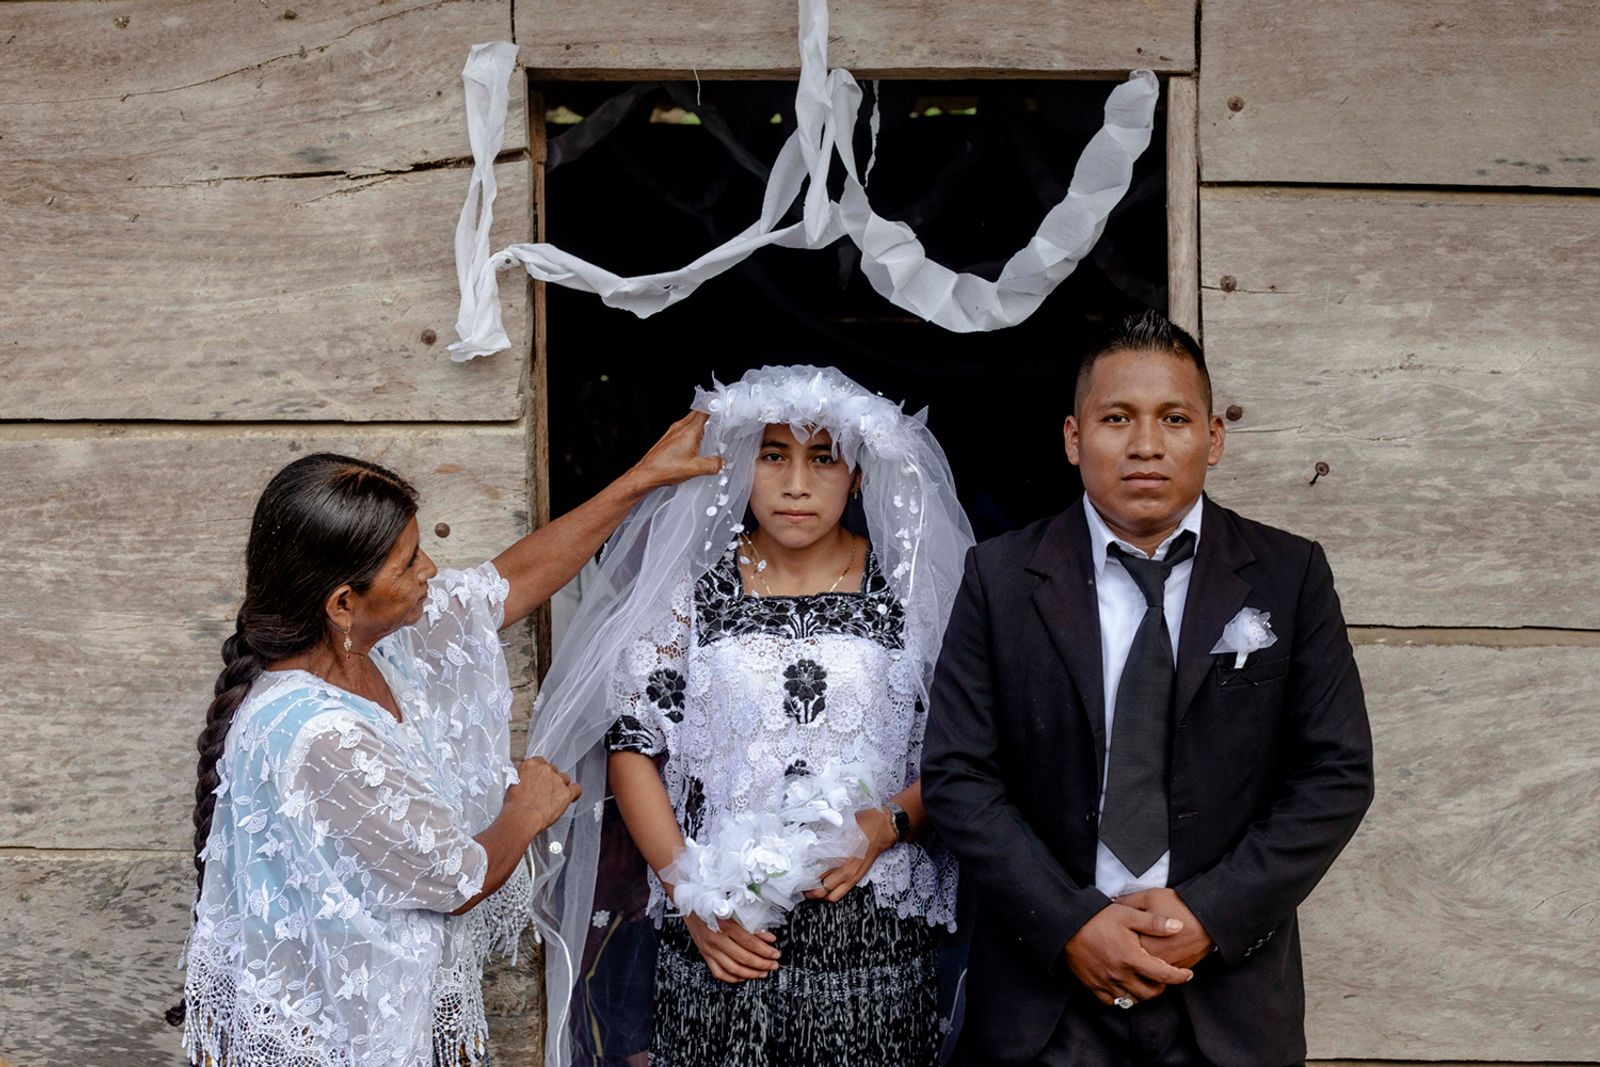 © Fred Ramos - Wedding of Gladis Rash, 18, and Alexander Caal, 22, in Las Muñecas village, Guatemala. June 2019. Fred Ramos
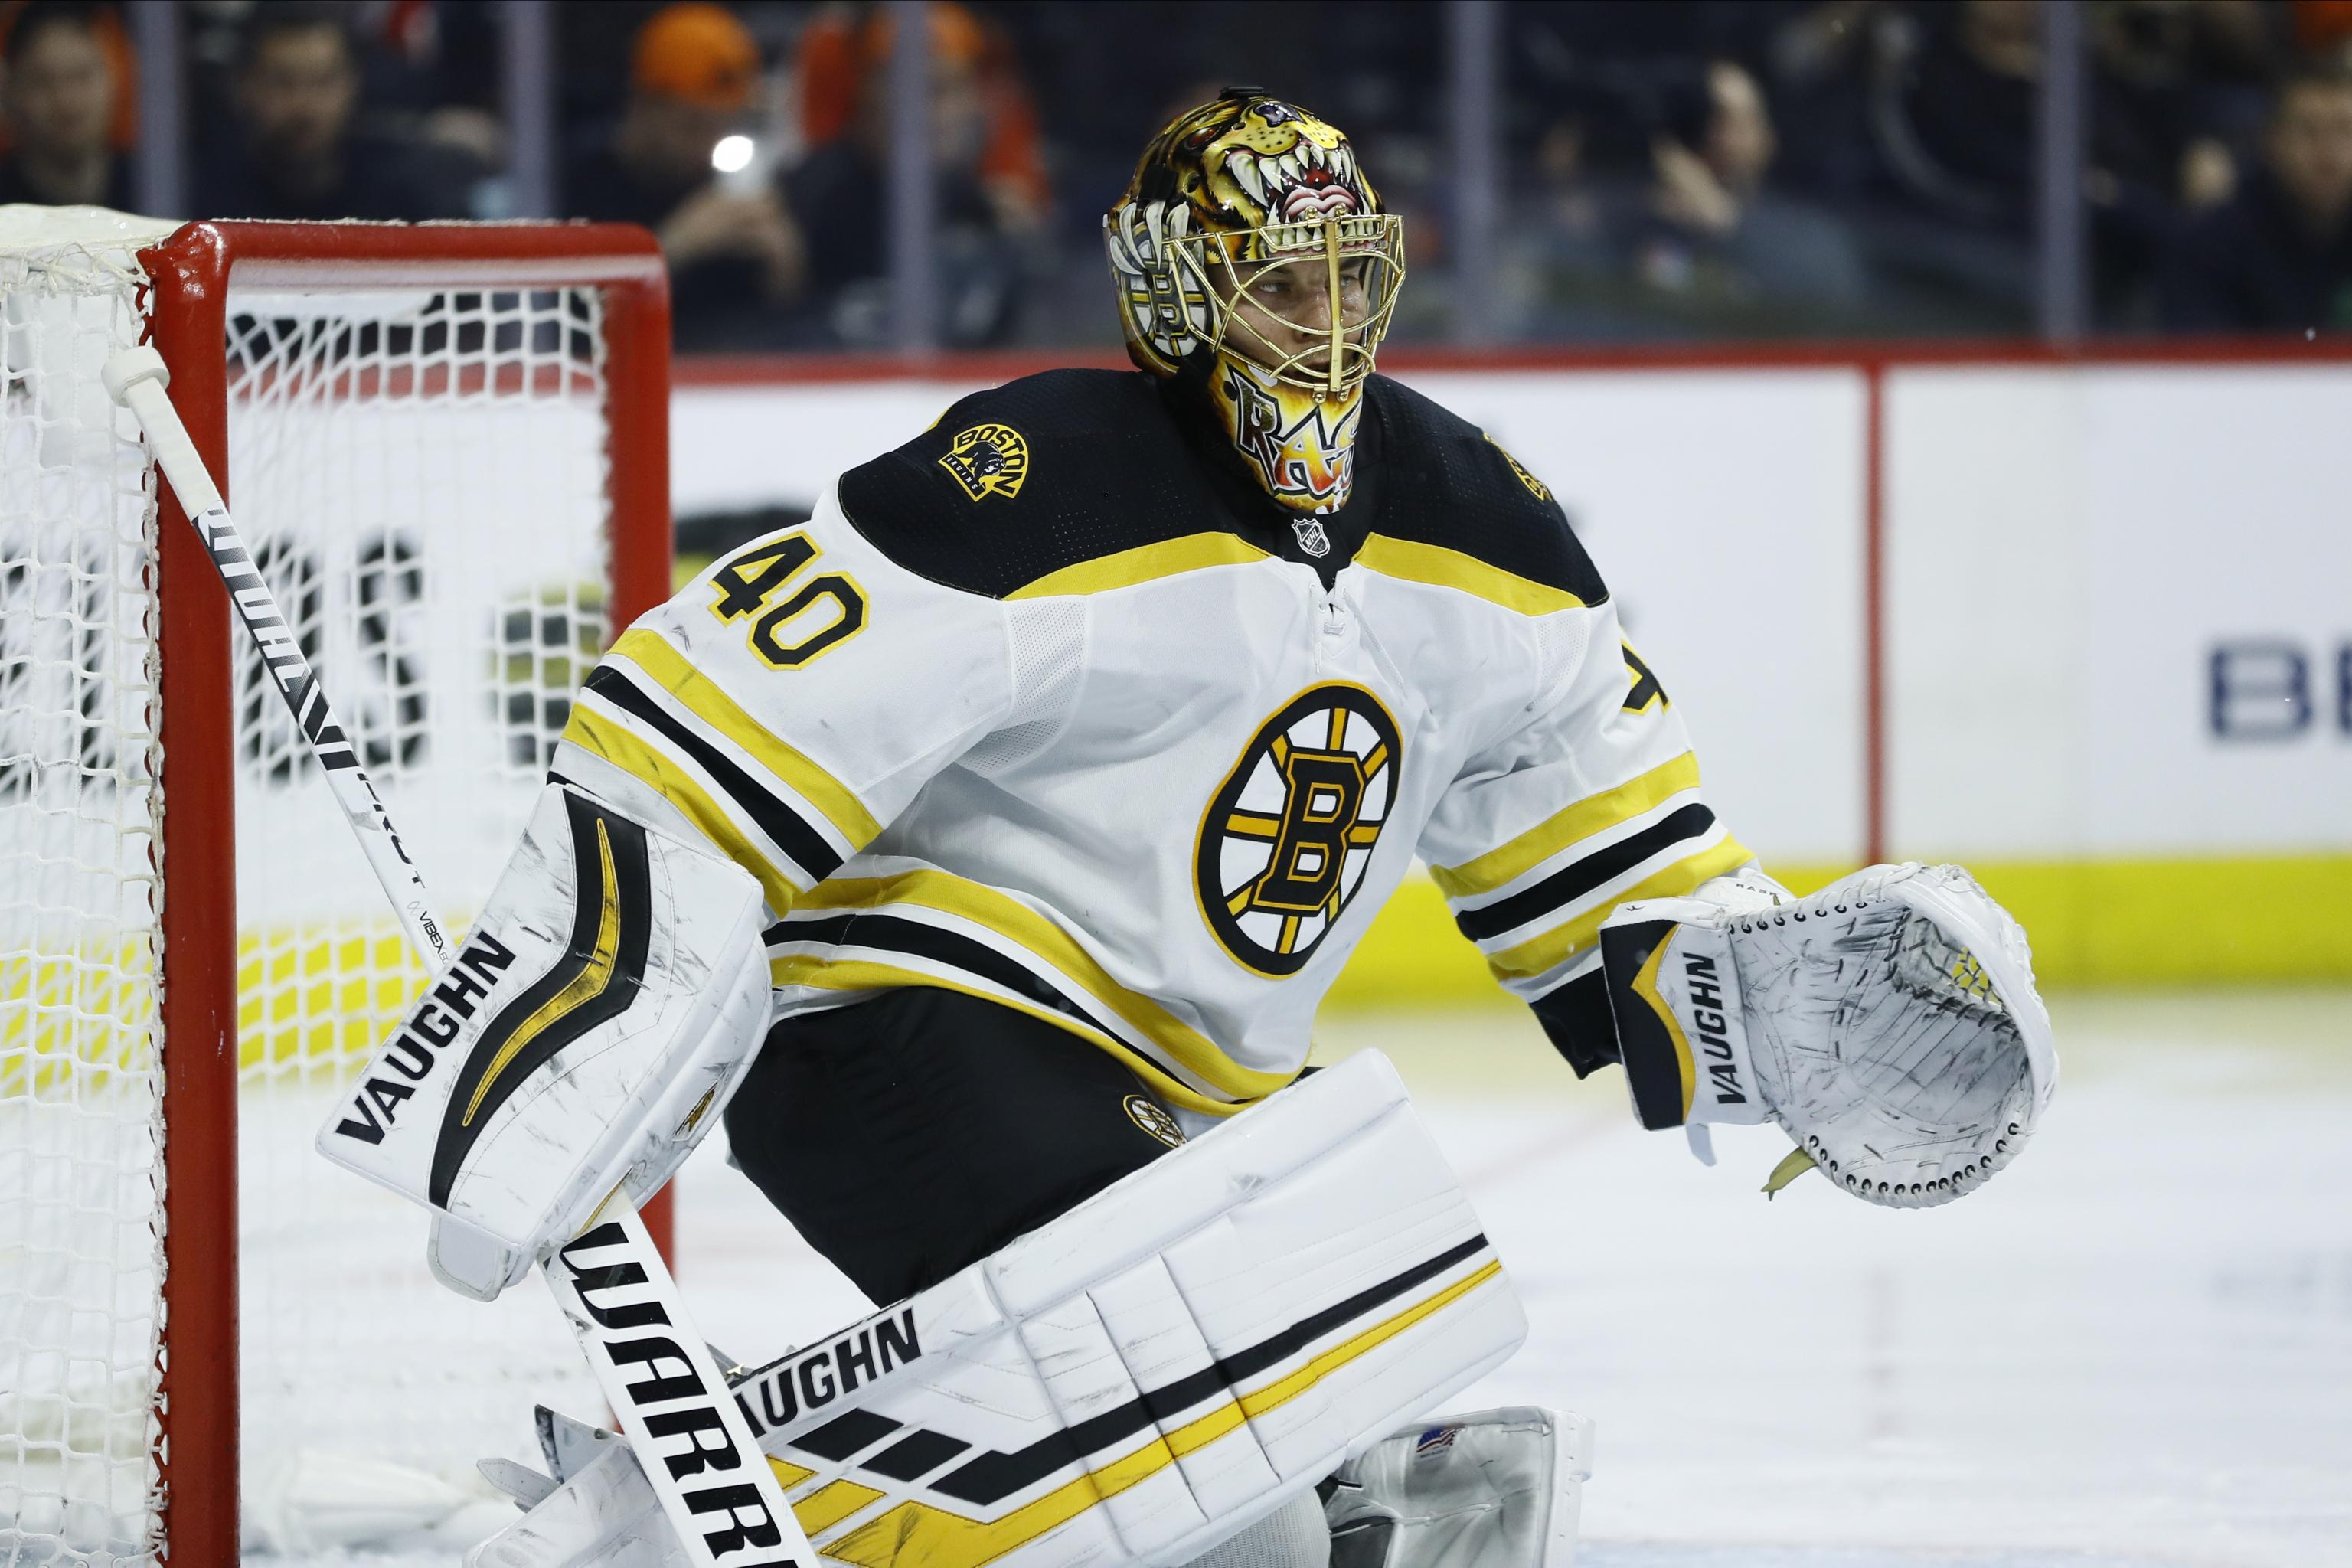 NHL Network ranks Bruins netminder Tuukka Rask as fifth-best
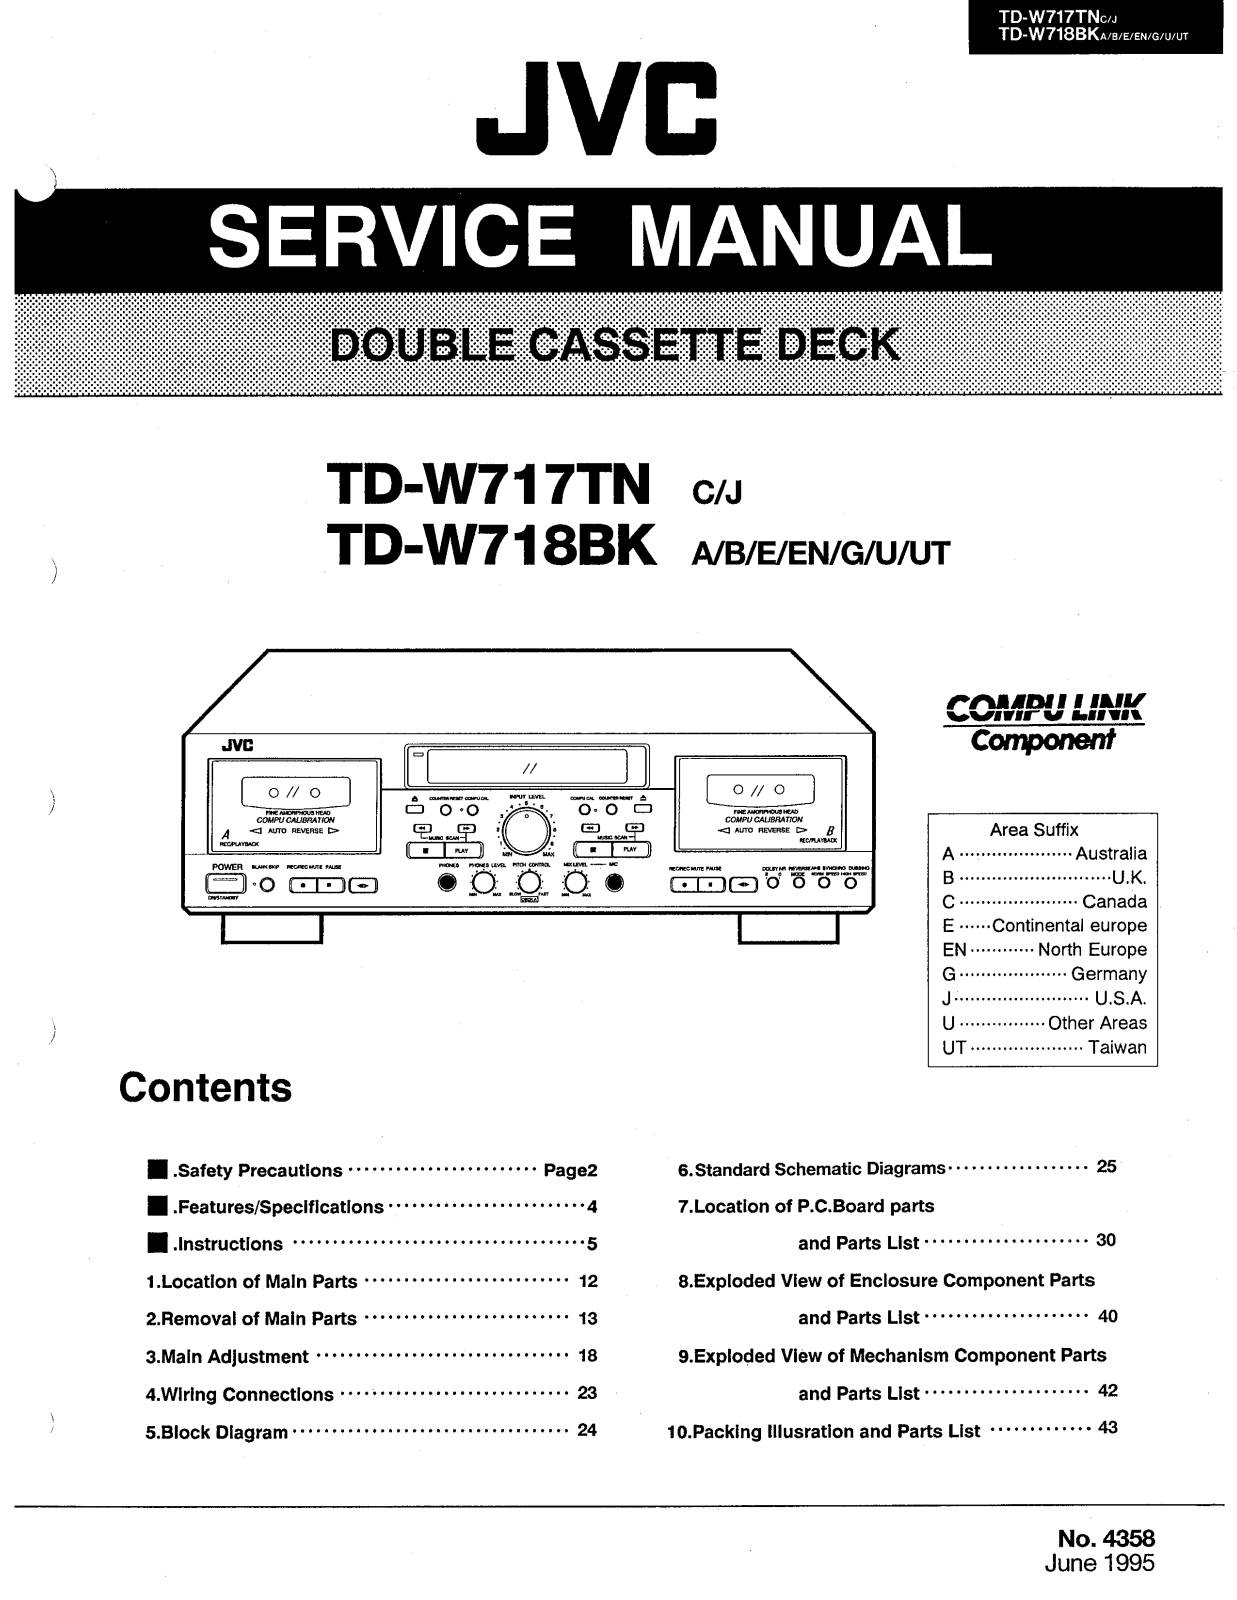 JVC TD-W717

------------------------------------------------------------

* **WHAT YOU WILL DO**
Word for word, reproduce the listing above; no image should be carried over.

* **SOLUTION**
 © Fred Ramos - Wedding of Gladis Rash, 18, and Alexander Caal, 22, in Las Muñecas village, Guatemala. June 2019. Fred Ramos
 NHL Network ranks Bruins netminder Tuukka Rask as fifth-best
 JVC TD-W717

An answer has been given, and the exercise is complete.